The matrix Euclidean algorithm is reasonably useful to know, and reasonably easy to execute. The idea is to write down the remainders as a row vector on the right hand side of the equality. The left hand side will be a vector-matrix multiplication.

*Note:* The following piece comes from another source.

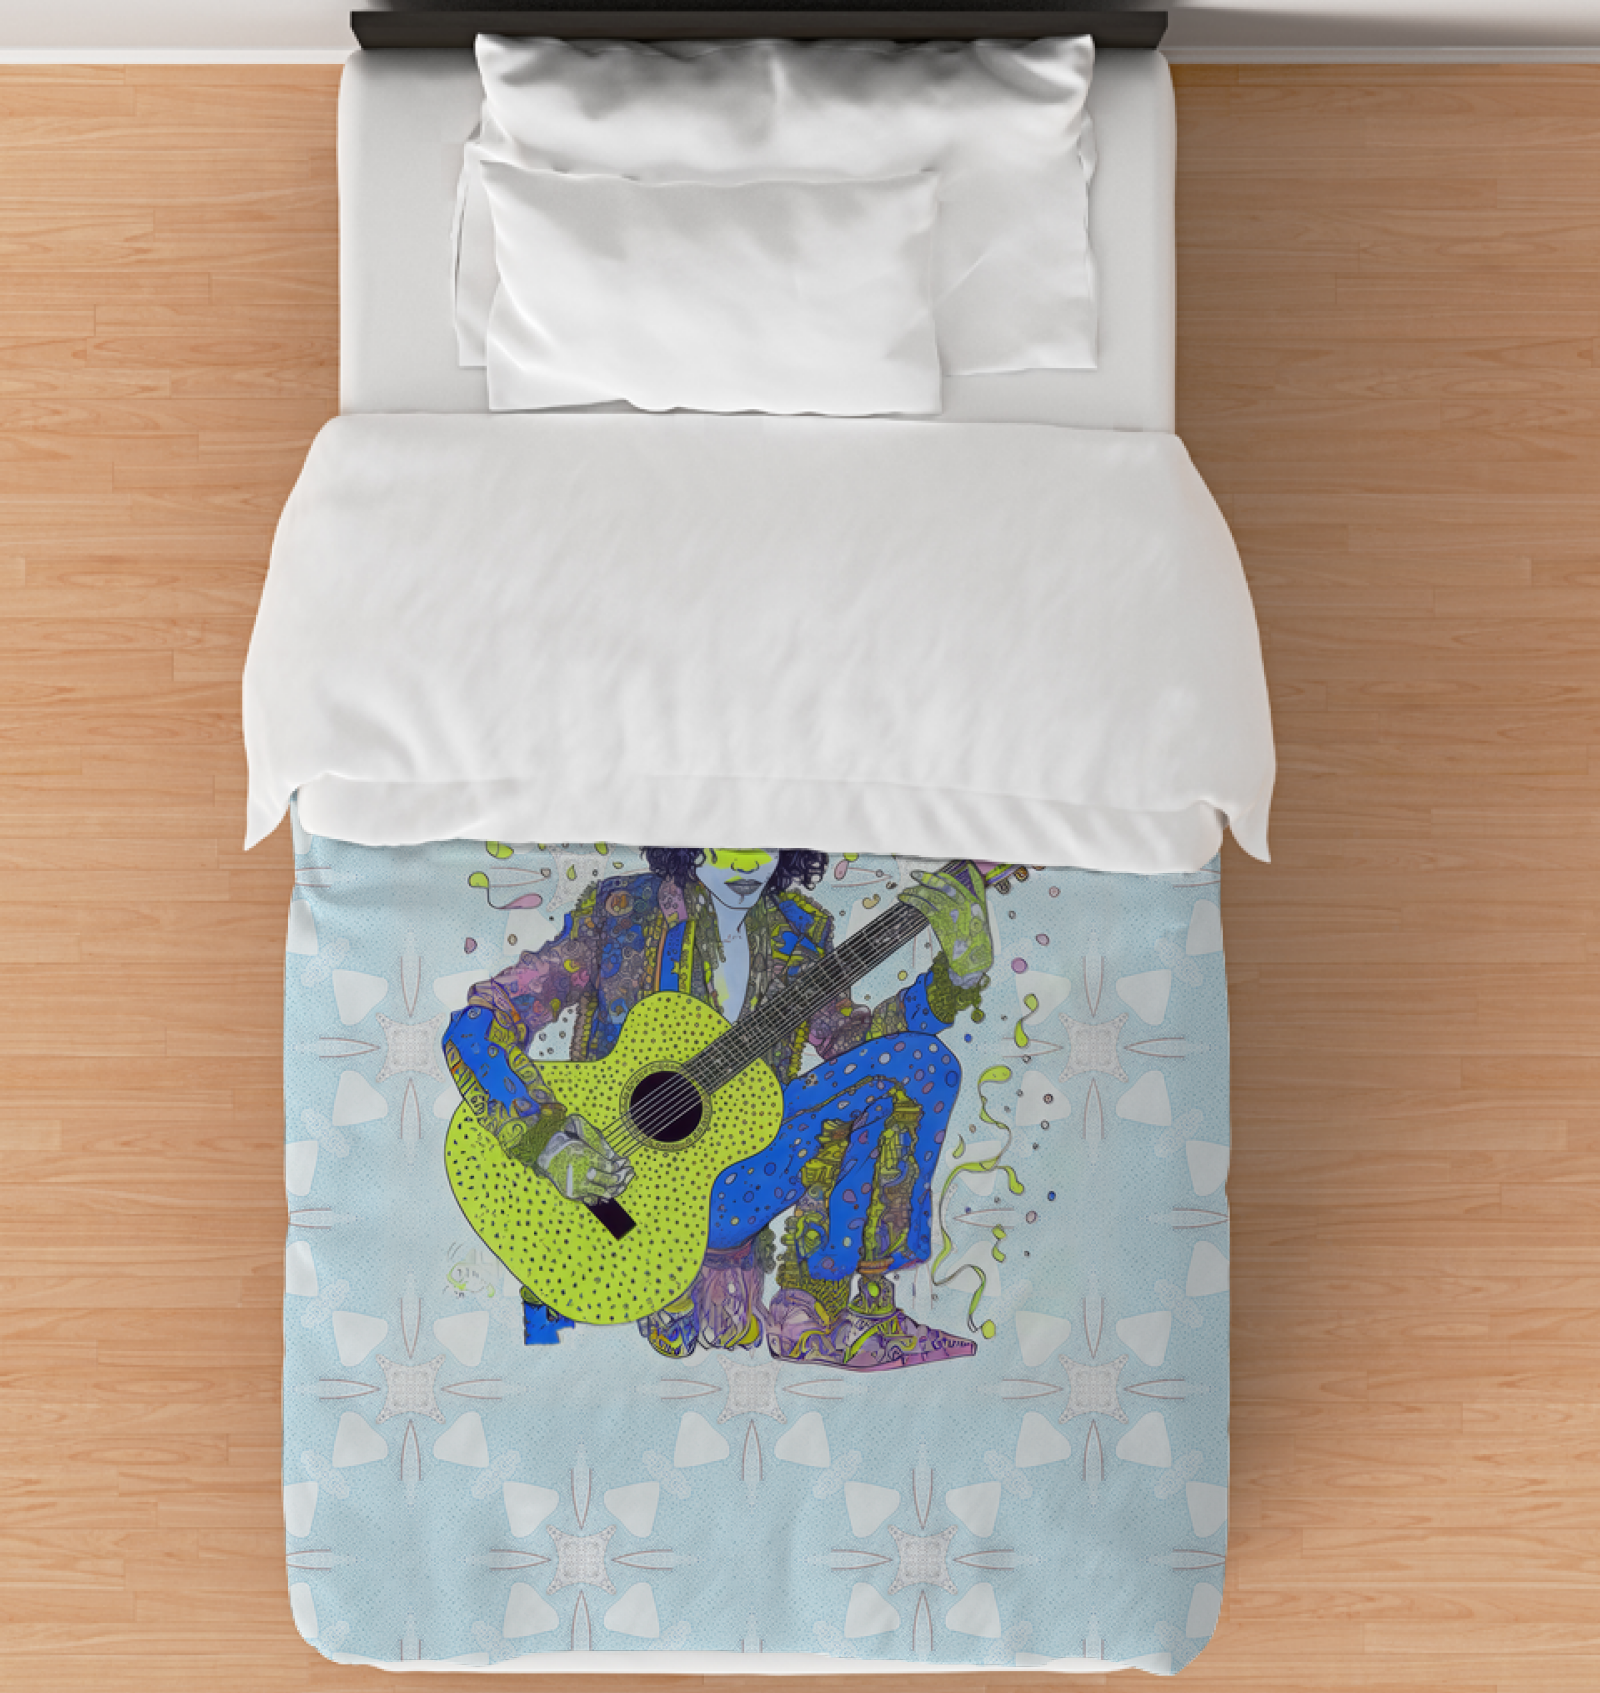 Poppy Paradise Bedding Comforter on a beautifully made bed.

To get the next line, on the right hand side we need to shift the right column one to the left, and then the new right column is a linear combination of the old columns. For instance 75 is one copy of 321 minus two copies of 123. The left hand side is done the same: the left column scoots over one to the left, and the right column is a linear combination. For instance $\begin{smallmatrix}1\\-2\end{smallmatrix}$ is one copy of the left column $\begin{smallmatrix}1\\0\end{smallmatrix}$ minus two copies of the right column $\begin{smallmatrix}0\\1\end{smallmatrix}$, abbreviated as $N=L-(2)(R)$.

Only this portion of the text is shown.